Note that the load address has been changed to a much lower number — about as low as it can be, in fact. This keeps the value in the e_entry field to a reasonably small number, which is good since it's also the p_memsz number. (Actually, with virtual memory it hardly matters — we could have left it at our original value and it would work just as well. But there's no harm in being polite.)
The change to p_filesz may require an explanation. Because we aren't setting the write bit in the p_flags field, Linux won't let us define a p_memsz value greater than p_filesz, since it can't zero-initialize those extra bytes if they aren't writeable. Since we can't change the p_flags field without moving the program header table out of alignment, you might think that the only solution would be to lower the p_memsz value back down to equal p_filesz (which would make it impossible to share it with e_entry). However, another solution exists, namely to increase p_filesz to equal p_memsz. That means they're both larger than the real file size — quite a bit larger, in fact — but it absolves the loader from having to write to read-only memory, which is all it cared about.
And so ...
$ nasm -f bin -o a.out tiny.asm
$ chmod +x a.out
$ ./a.out ; echo $?
42
$ wc -c a.out
52 a.out
... and so, with both the program header table and the program itself completely embedded within the ELF header, our executable file is now exactly as big as the ELF header! No more, no less. And still running without a single complaint from Linux!
Now, finally, we have truly and certainly reached the absolute minimum possible. There can be no question about it, right? After all, we have to have a complete ELF header (even if it is badly mangled), or else Linux wouldn't give us the time of day!
Right?
Wrong. We have one last dirty trick left.

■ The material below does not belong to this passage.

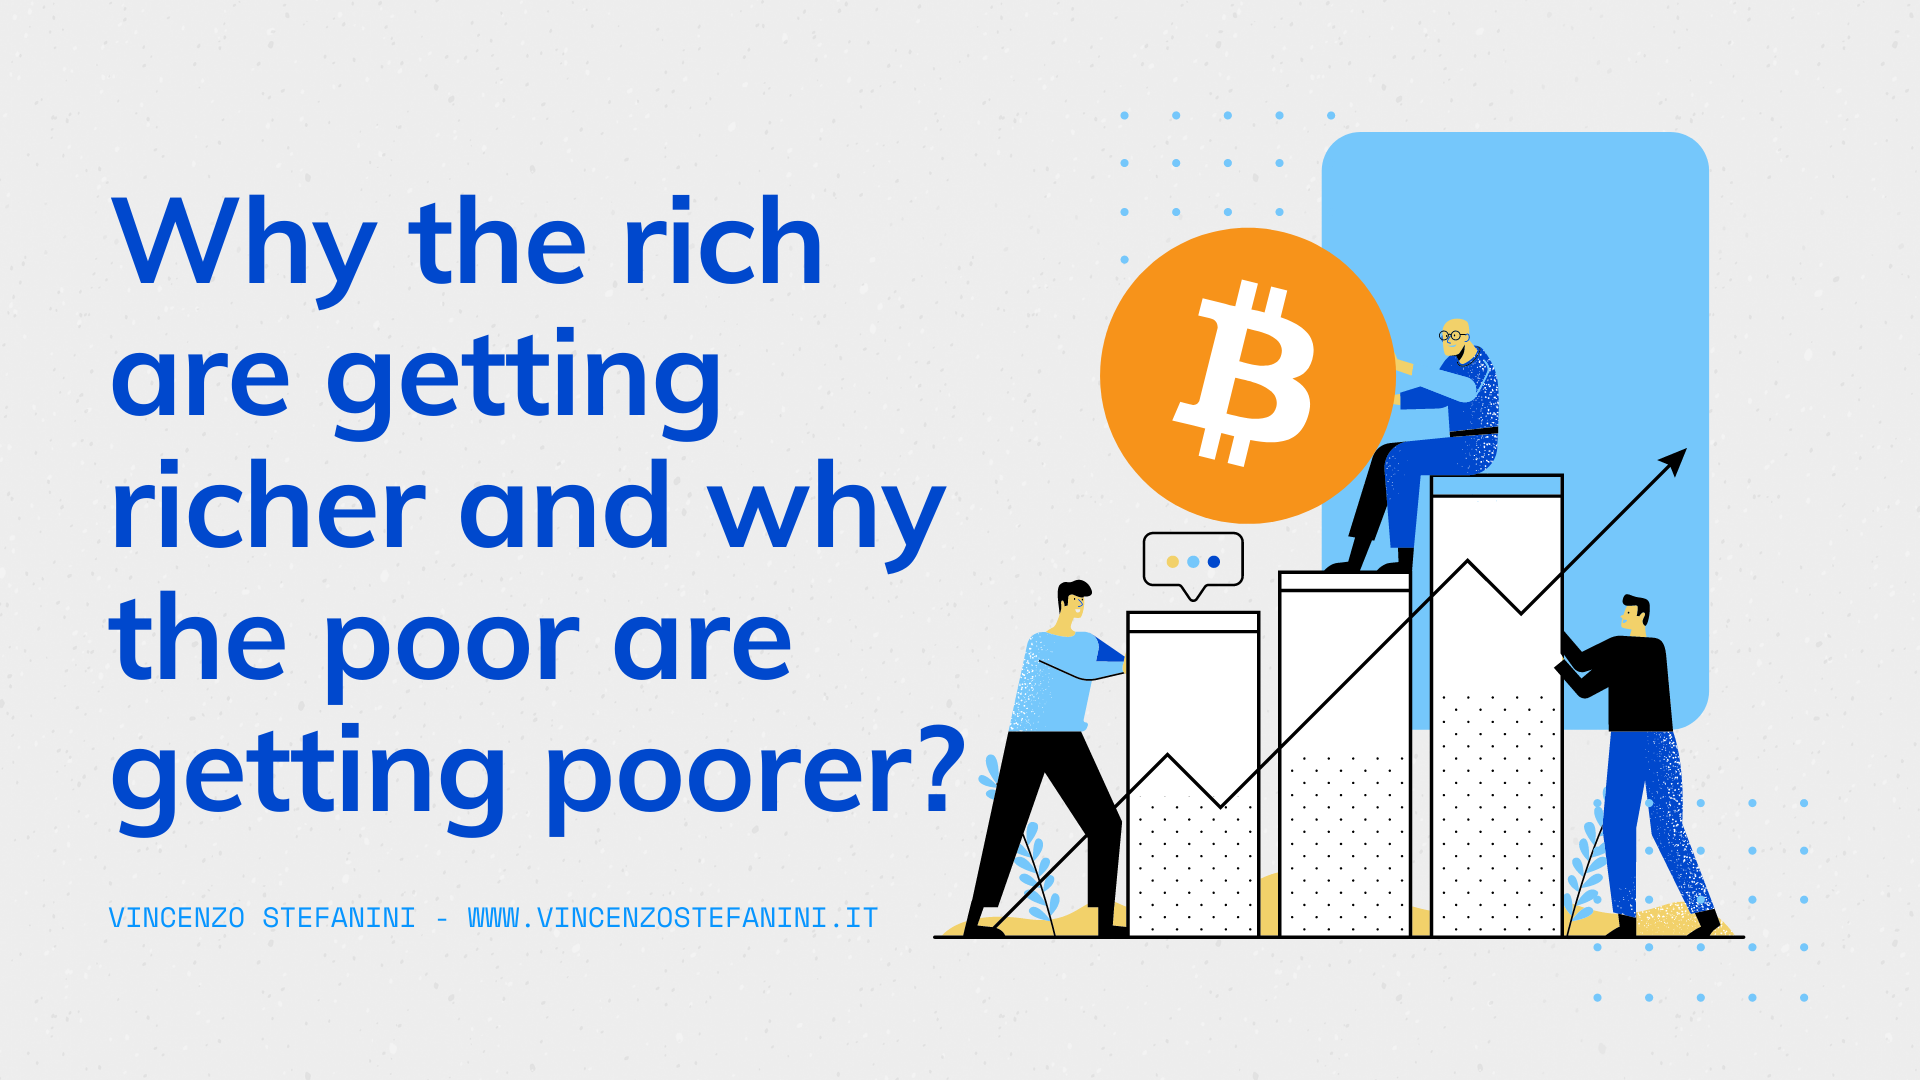 Why the rich are getting richer and why the poor are getting poorer

It seems to be the case that if the file isn't quite the size of a full ELF header, Linux will still play ball, and fill out the missing bytes with zeros. We have no less than seven zeros at the end of our file, and if we drop them from the file image:
; tiny.asm
BITS 32
org 0x00010000
db 0x7F, "ELF" ; e_ident
dd 1 ; p_type
dd 0 ; p_offset
dd $$ ; p_vaddr
dw 2 ; e_type ; p_paddr
dw 3 ; e_machine
dd _start ; e_version ; p_filesz
dd _start ; e_entry ; p_memsz
dd 4 ; e_phoff ; p_flags
_start:
mov bl, 42 ; e_shoff ; p_align
xor eax, eax
inc eax ; e_flags
int 0x80
db 0
dw 0x34 ; e_ehsize
dw 0x20 ; e_phentsize
db 1 ; e_phnum
; e_shentsize
; e_shnum
; e_shstrndx
filesize equ $ - $$
... we can, incredibly enough, still produce a working executable:
$ nasm -f bin -o a.out tiny.asm
$ chmod +x a.out
$ ./a.out ; echo $?
42
$ wc -c a.out
45 a.out
Here, at last, we have honestly gone as far as we can go. There is no getting around the fact that the 45th byte in the file, which specifies the number of entries in the program header table, needs to be non-zero, needs to be present, and needs to be in the 45th position from the start of the ELF header. We are forced to conclude that there is nothing more that can be done.

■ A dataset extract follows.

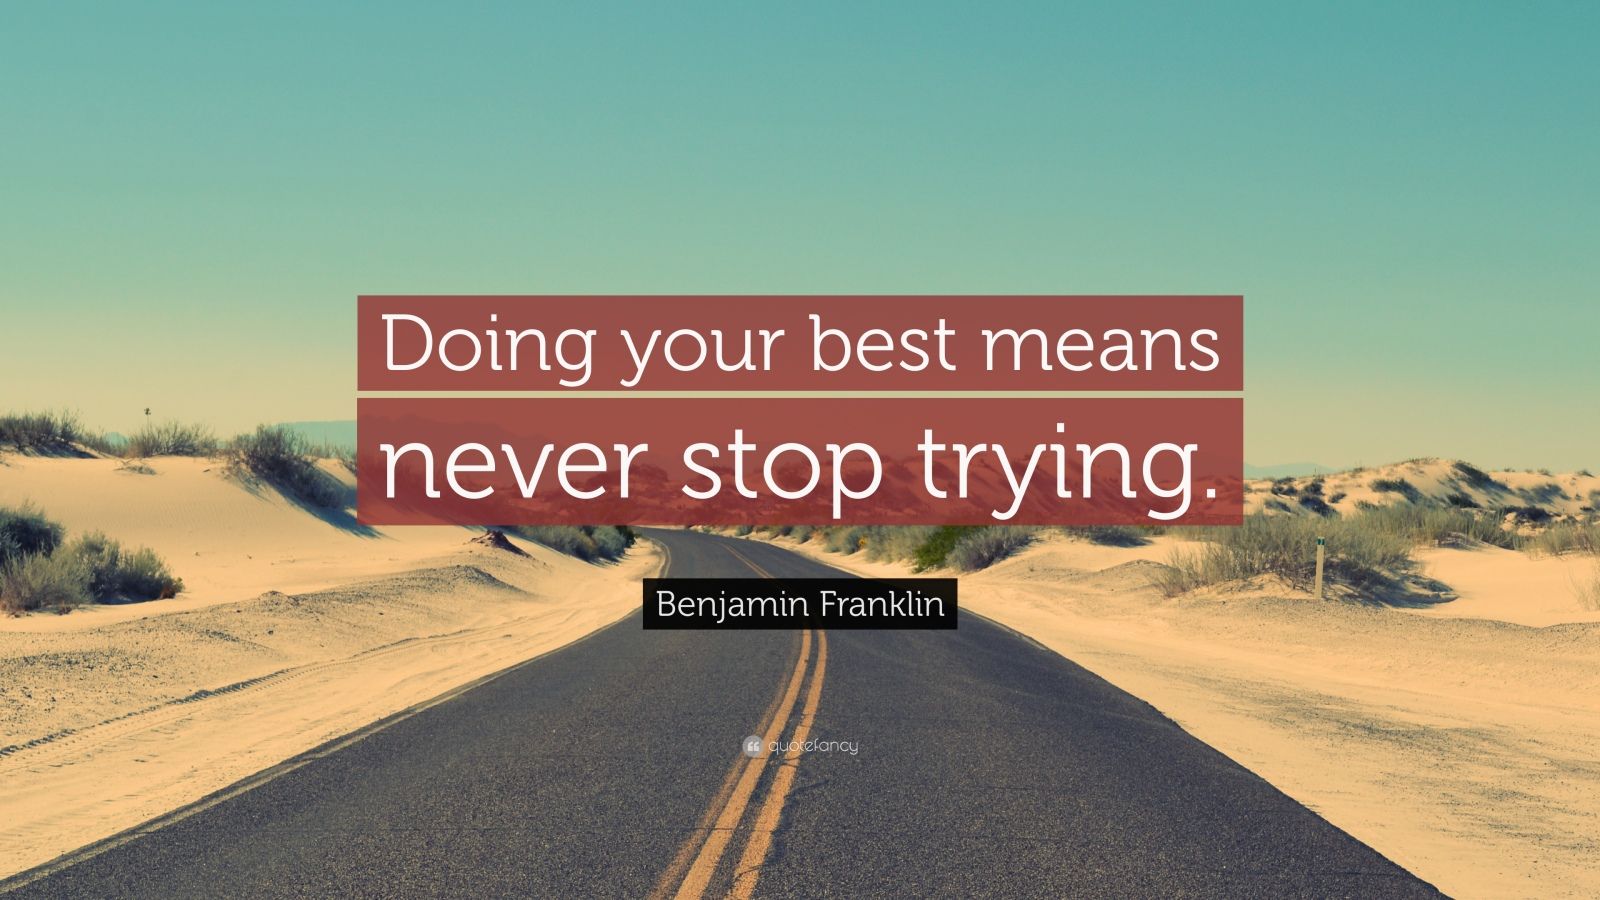 Benjamin Franklin Quote: “Doing your best means never stop trying.”

This forty-five-byte file is less than one-eighth the size of the smallest ELF executable we could create using the standard tools, and is less than one-fiftieth the size of the smallest file we could create using pure C code. We have stripped everything out of the file that we could, and put to dual purpose most of what we couldn't.
Of course, half of the values in this file violate some part of the ELF standard, and it's a wonder that Linux will even consent to sneeze on it, much less give it a process ID. This is not the sort of program to which one would normally be willing to confess authorship.
On the other hand, every single byte in this executable file can be accounted for and justified. How many executables have you created lately that you can say that about?